Nothing would happen since only one node at the time is the owner of a specific sql instance and it’s shared disks in the cluster. The other node is passive when it comes to this instance. A failover would not be triggered by data corruption issues unless it would cause the sql service to fail as well. Or if the corruption was caused by hardware or driver related issues with storage or memory etc then that issue could trigger a failover to the other server. But data corruption in itself in a database does not trigger failover.

quote:
My question in log shipping, what would have happened to the stand-by node? Will it turn to be corrupt due to the last log applied?

It depends on what caused the corruption. For example the times I’ve had corruption issues it’s often been related to hardware issues with the storage. When the backups and transaction logs for these databases where restored on a "healthy" system without hardware issues with the storage, the transactions in the log backups where re-applied on this system and the databases were ok again. So in a sense log shipping to an external system could have helped you here but it depends on what caused the corruption in the first place. If it was due to a bug in sql server with for example reindexing or something that could happen on the other system as well. In any case if things like dropping/recreating indexes, dbcc repair without data loss, transfering the data to new tables etc does not work on the original server I would always try and restore the database on another system and try and fix it there.

quote:
Nothing would happen since only one node at the time is the owner of a specific sql instance and it’s shared disks in the cluster. The other node is passive when it comes to this instance. A failover would not be triggered by data corruption issues unless it would cause the sql service to fail as well. Or if the corruption was caused by hardware or driver related issues with storage or memory etc then that issue could trigger a failover to the other server. But data corruption in itself in a database does not trigger failover.

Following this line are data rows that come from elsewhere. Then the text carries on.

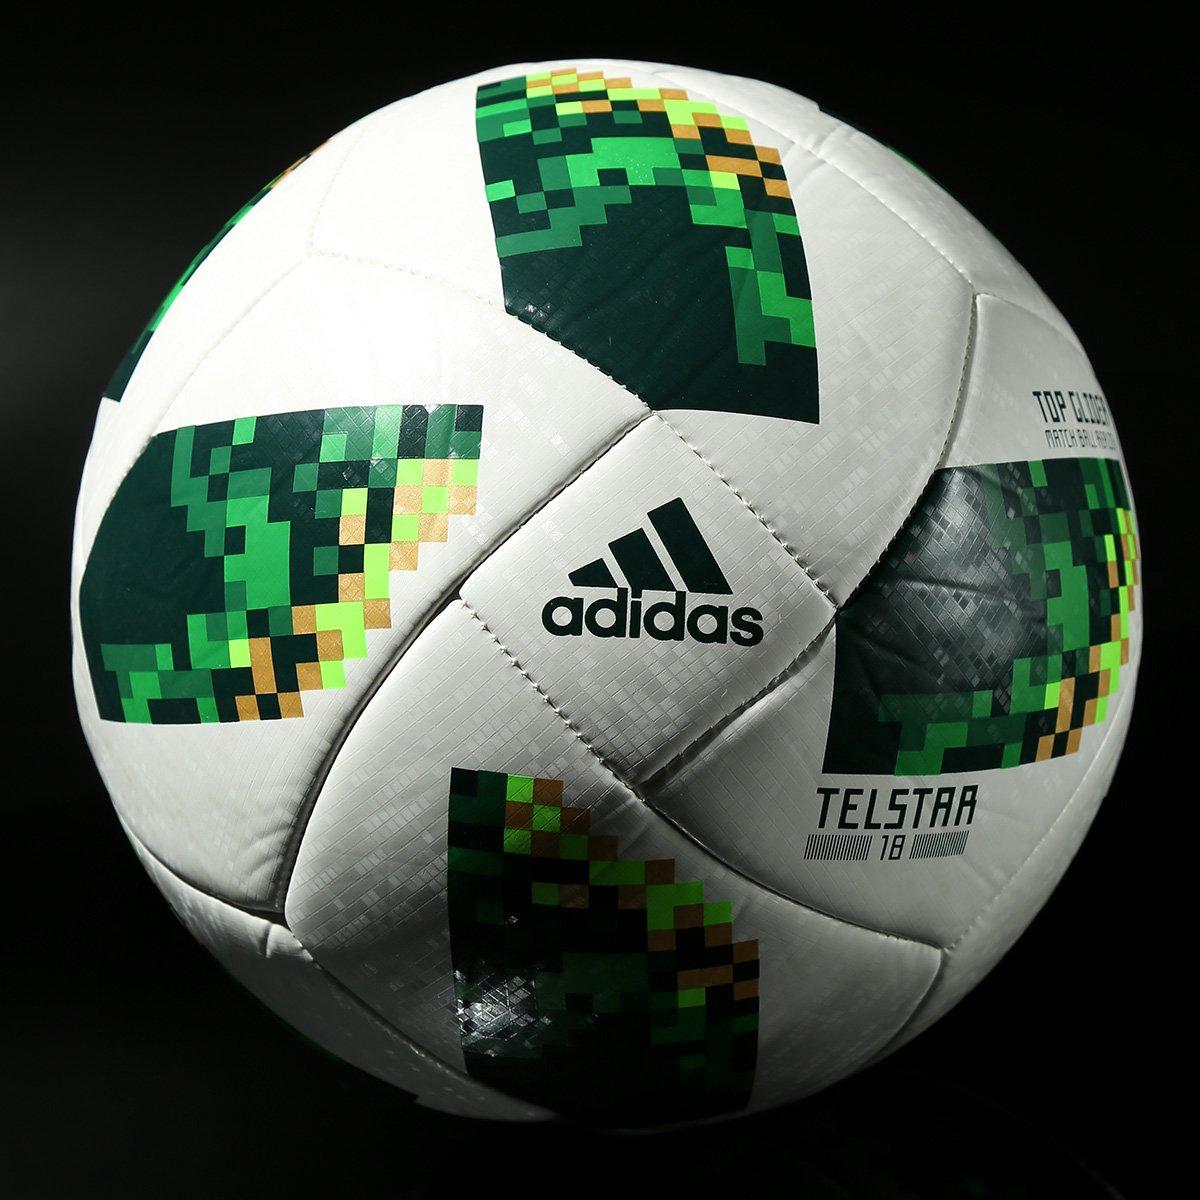 ... Bola Futebol Campo Adidas Telstar 18 TOP Glider México Copa do Mundo  FIFA ... f289fb8c28a17
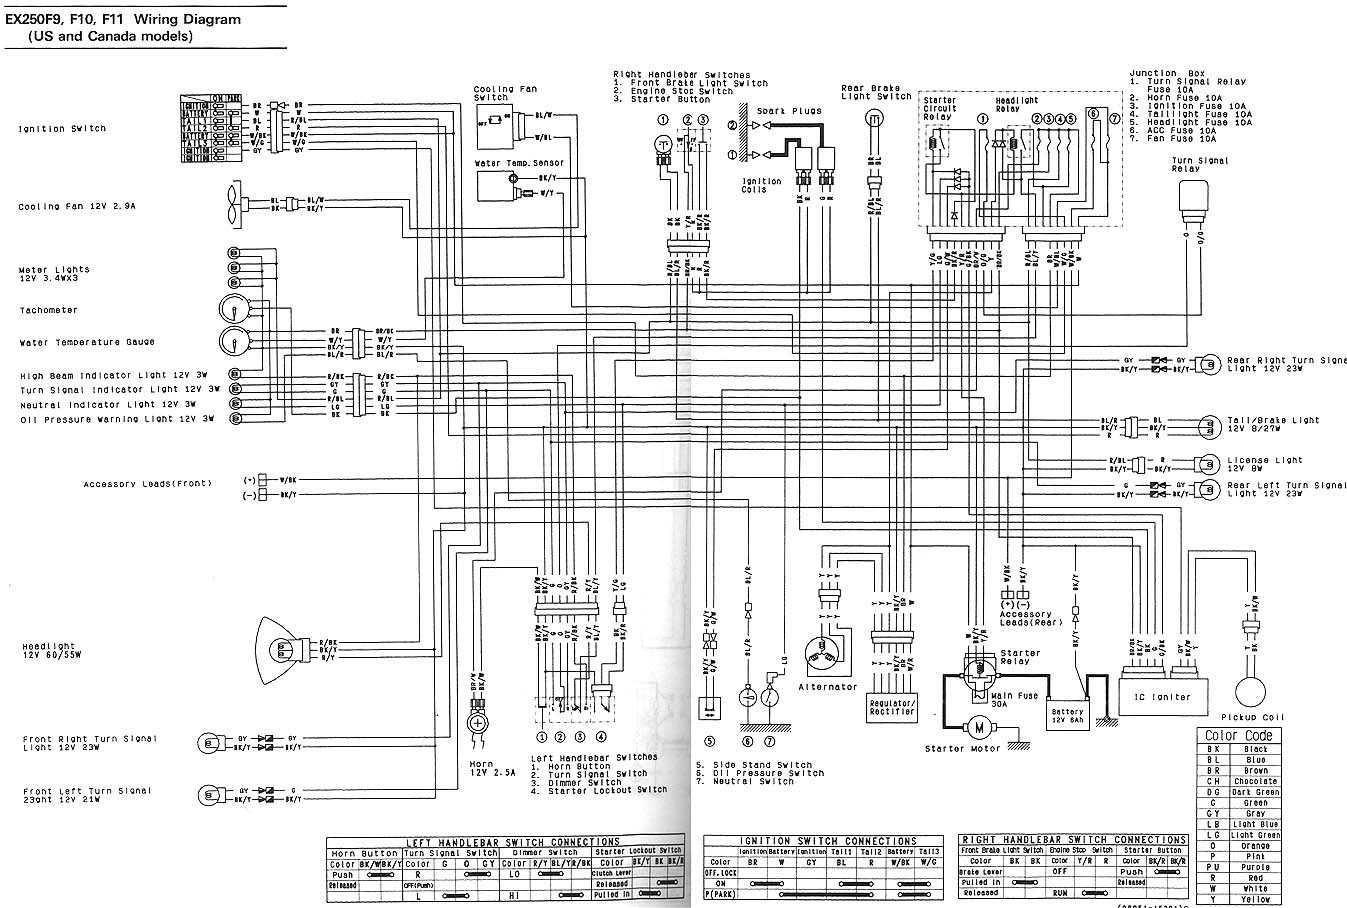 1995 Kawasaki Mule Wiring Diagram Wiring Diagram Fear Explained B Fear Explained B Led Illumina It
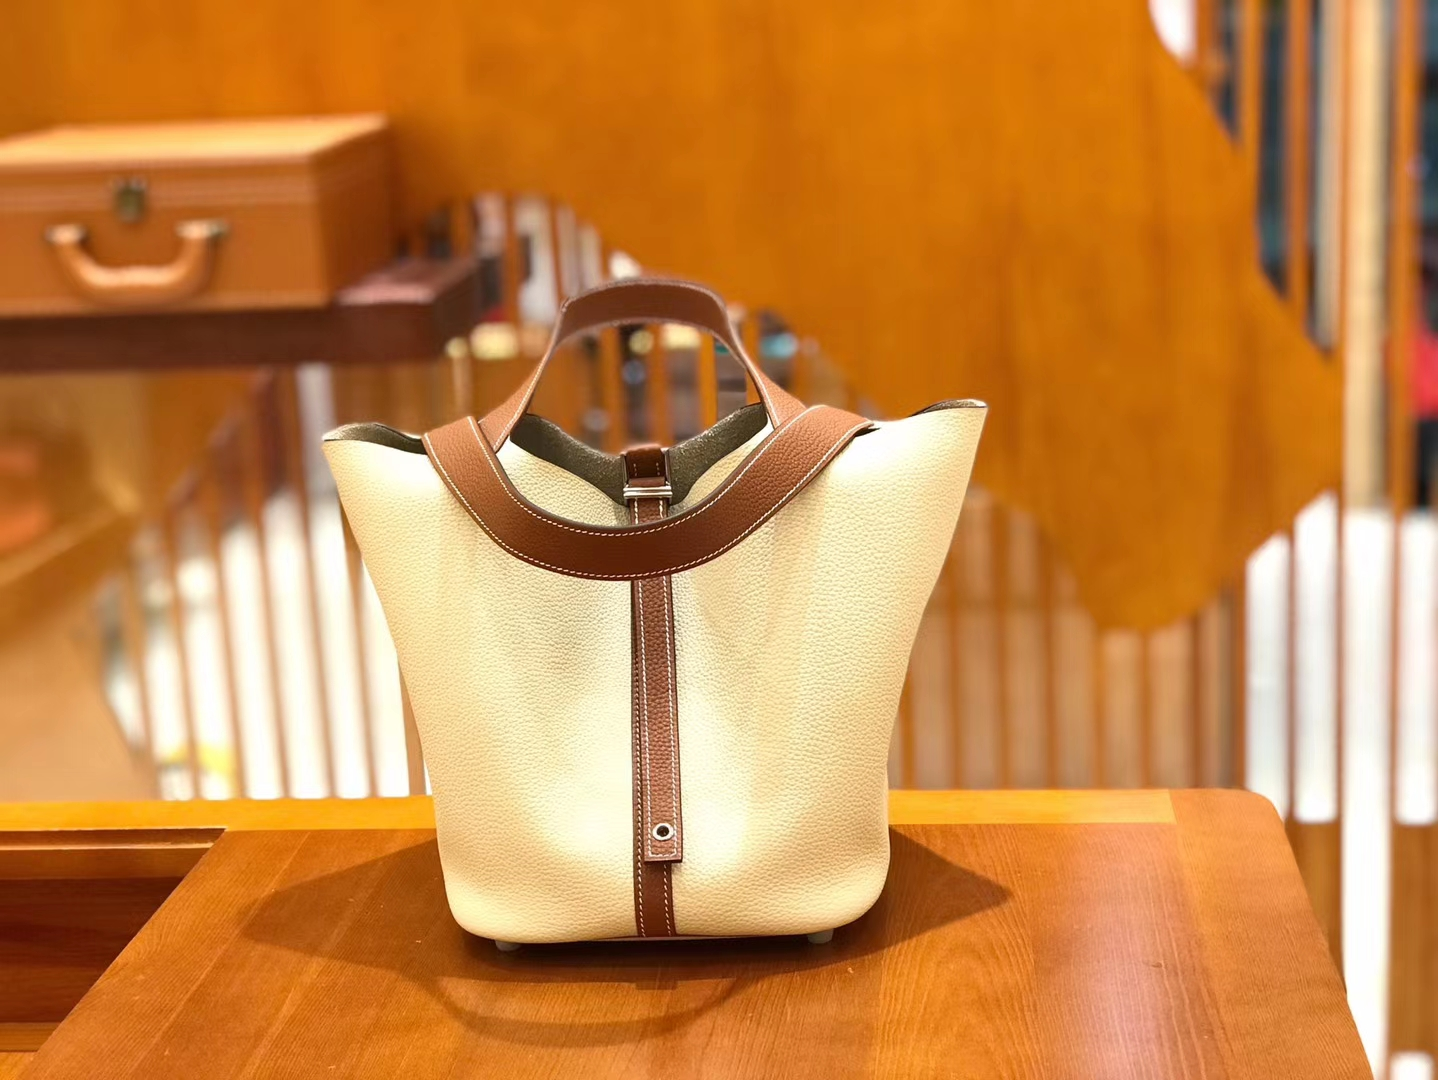 Hermès(爱马仕)Piction 18cm 奶昔白拼金棕色 银扣 Togo小牛皮 全手工缝制

If nothing will happen, does it mean that the DB will stay as Suspect and never failover? Because the Cluster is sharing the same I/O susbsystem I will assume that the corruption will be reflected to all nodes. Am I correct?

quote:
It depends on what caused the corruption. For example the times I’ve had corruption issues it’s often been related to hardware issues with the storage. When the backups and transaction logs for these databases where restored on a "healthy" system without hardware issues with the storage, the transactions in the log backups where re-applied on this system and the databases were ok again. So in a sense log shipping to an external system could have helped you here but it depends on what caused the corruption in the first place. If it was due to a bug in sql server with for example reindexing or something that could happen on the other system as well. In any case if things like dropping/recreating indexes, dbcc repair without data loss, transfering the data to new tables etc does not work on the original server I would always try and restore the database on another system and try and fix it there.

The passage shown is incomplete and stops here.